SUPPLIED INFORMATION —
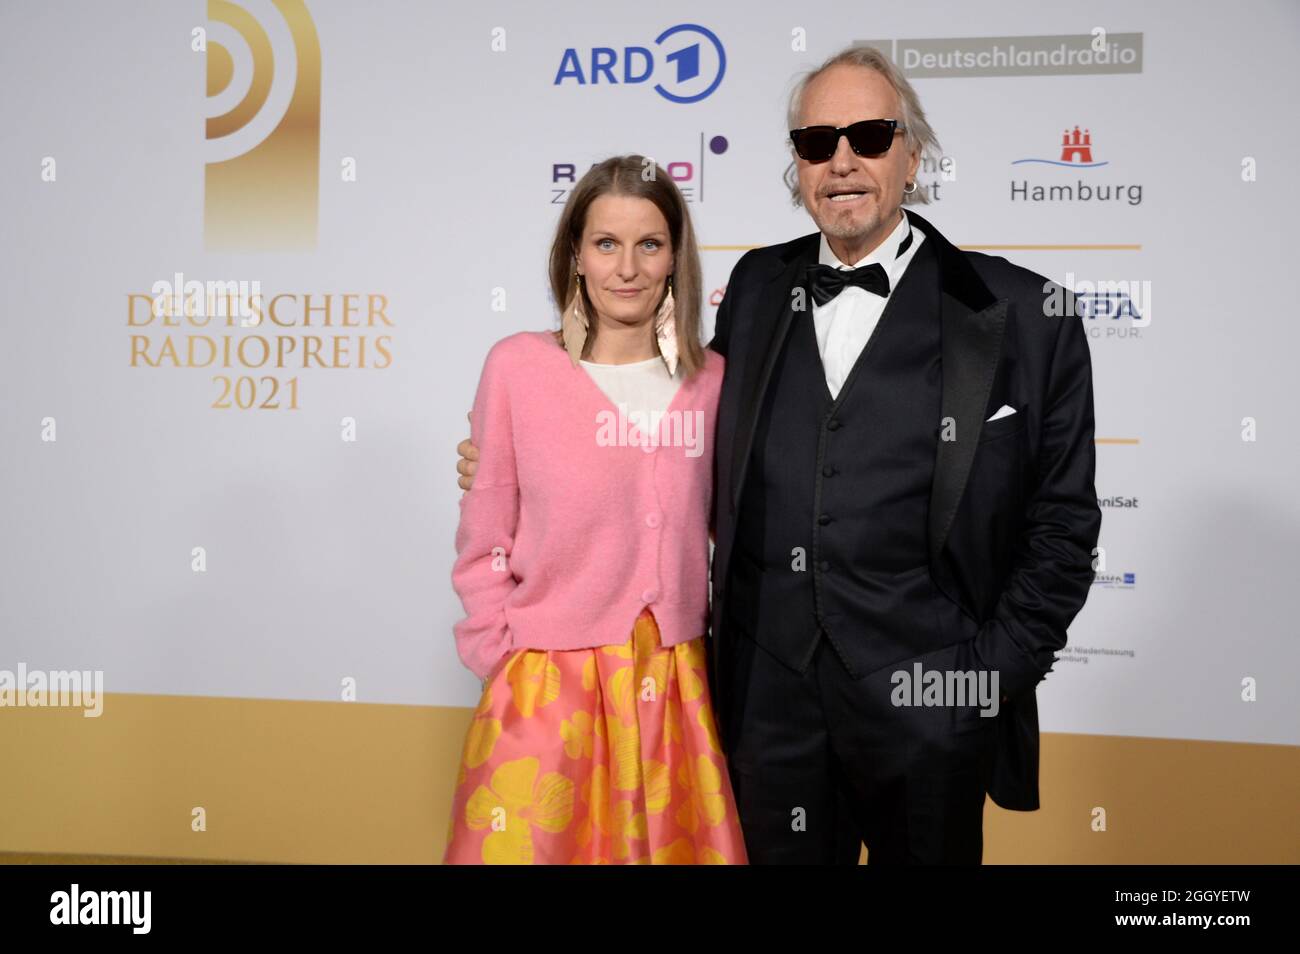 Hamburg der 02.09.2021 - Rainer schöne und seine Ehefrau Anja schöne bei der Verleihung des Deutschen Radiopreises 2021 in Hamburg auf dem goldenen Teppich. Stockfoto
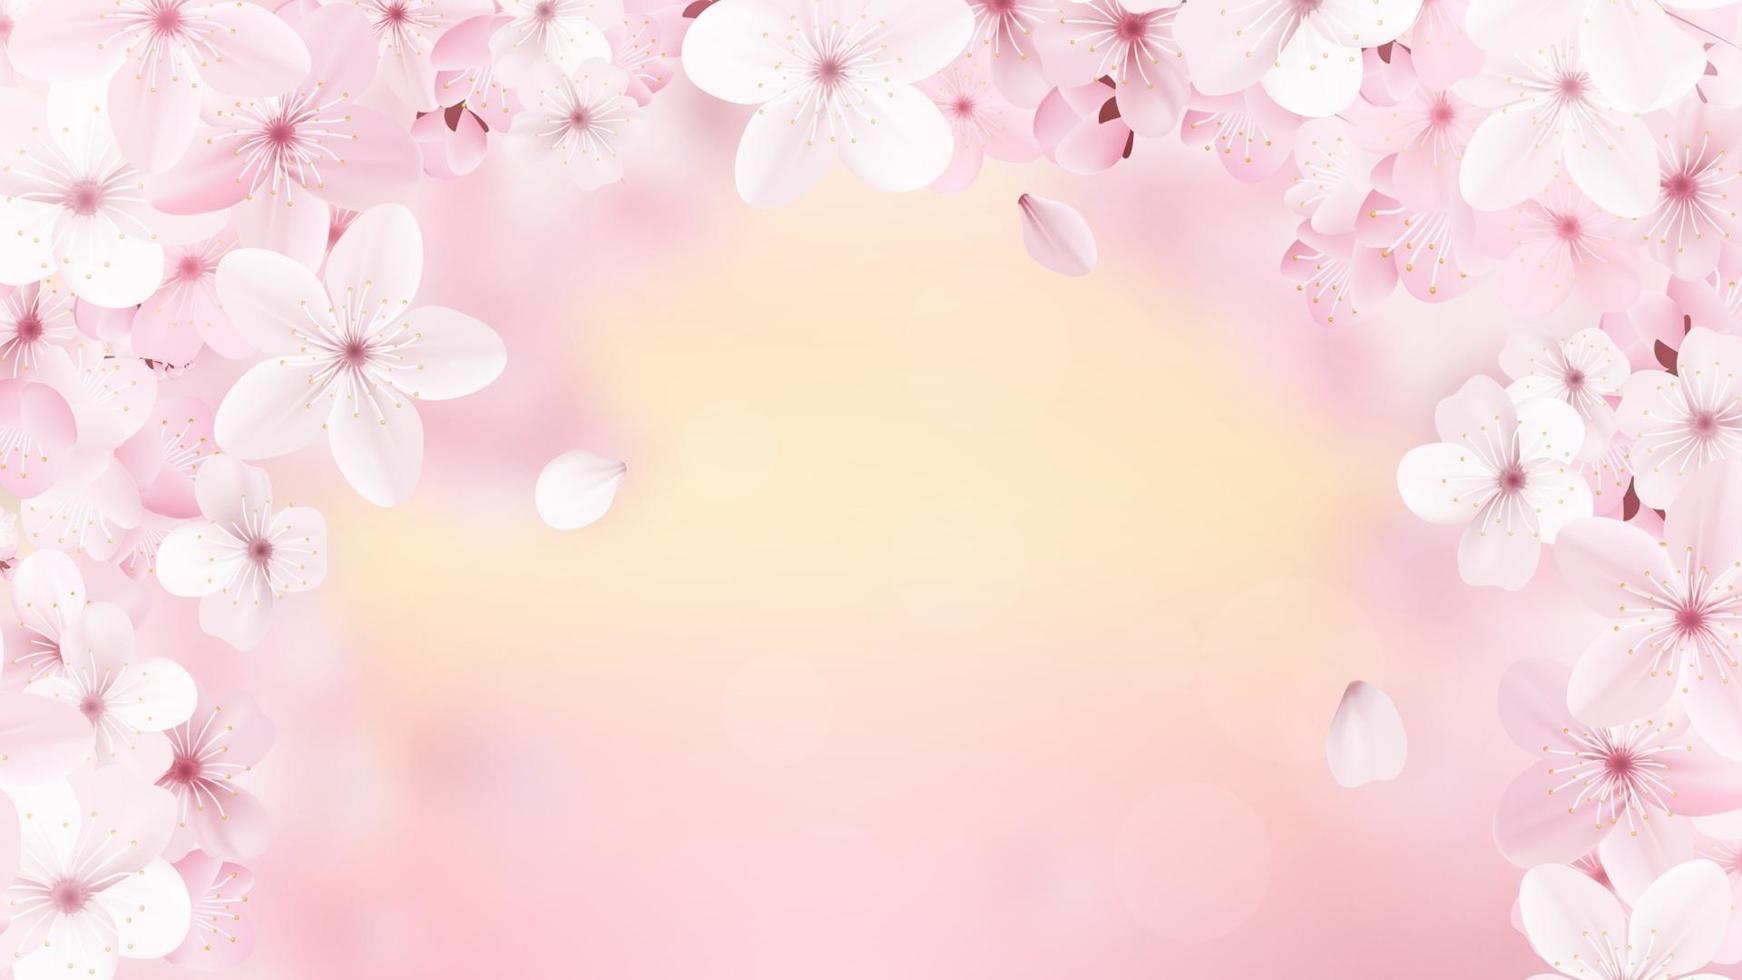 bellissima stampa con fiori di sakura rosa chiaro in fiore vettore
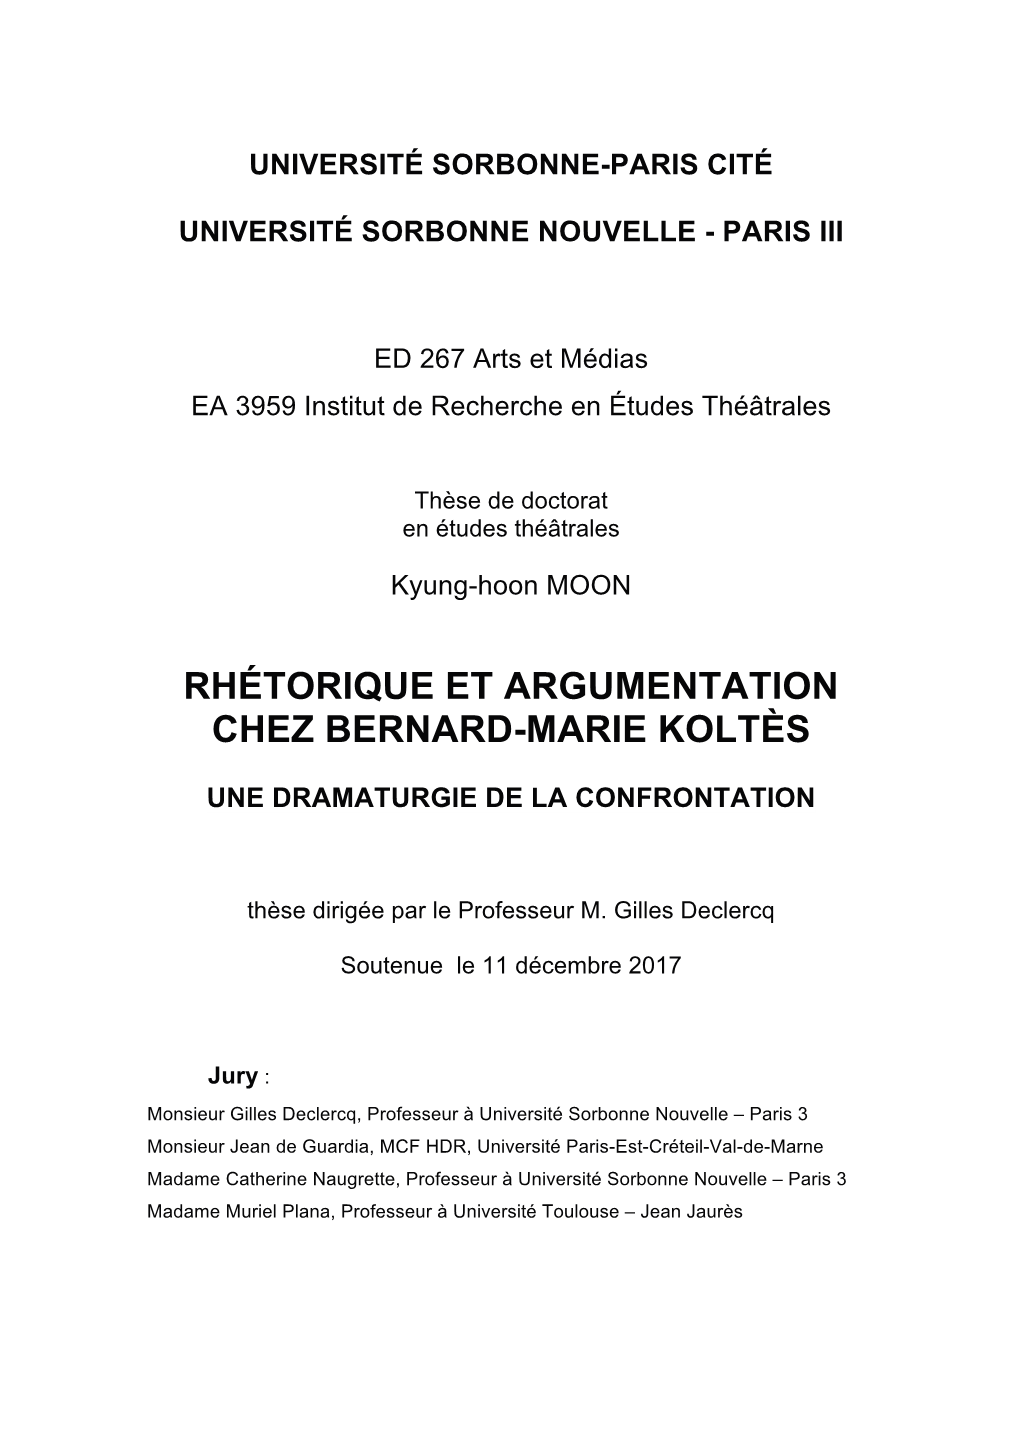 Rhétorique Et Argumentation Chez Bernard-Marie Koltès

TASK TO COMPLETE — Nothing but the lines from the first line of the data above through the line holding "bellissima stampa con" may appear in the response, copied exactly and without pictures.

ANSWER FOR THIS EXERCISE —
 Hamburg der 02.09.2021 - Rainer schöne und seine Ehefrau Anja schöne bei der Verleihung des Deutschen Radiopreises 2021 in Hamburg auf dem goldenen Teppich. Stockfoto
 bellissima stampa con fiori di sakura rosa chiaro in fiore vettore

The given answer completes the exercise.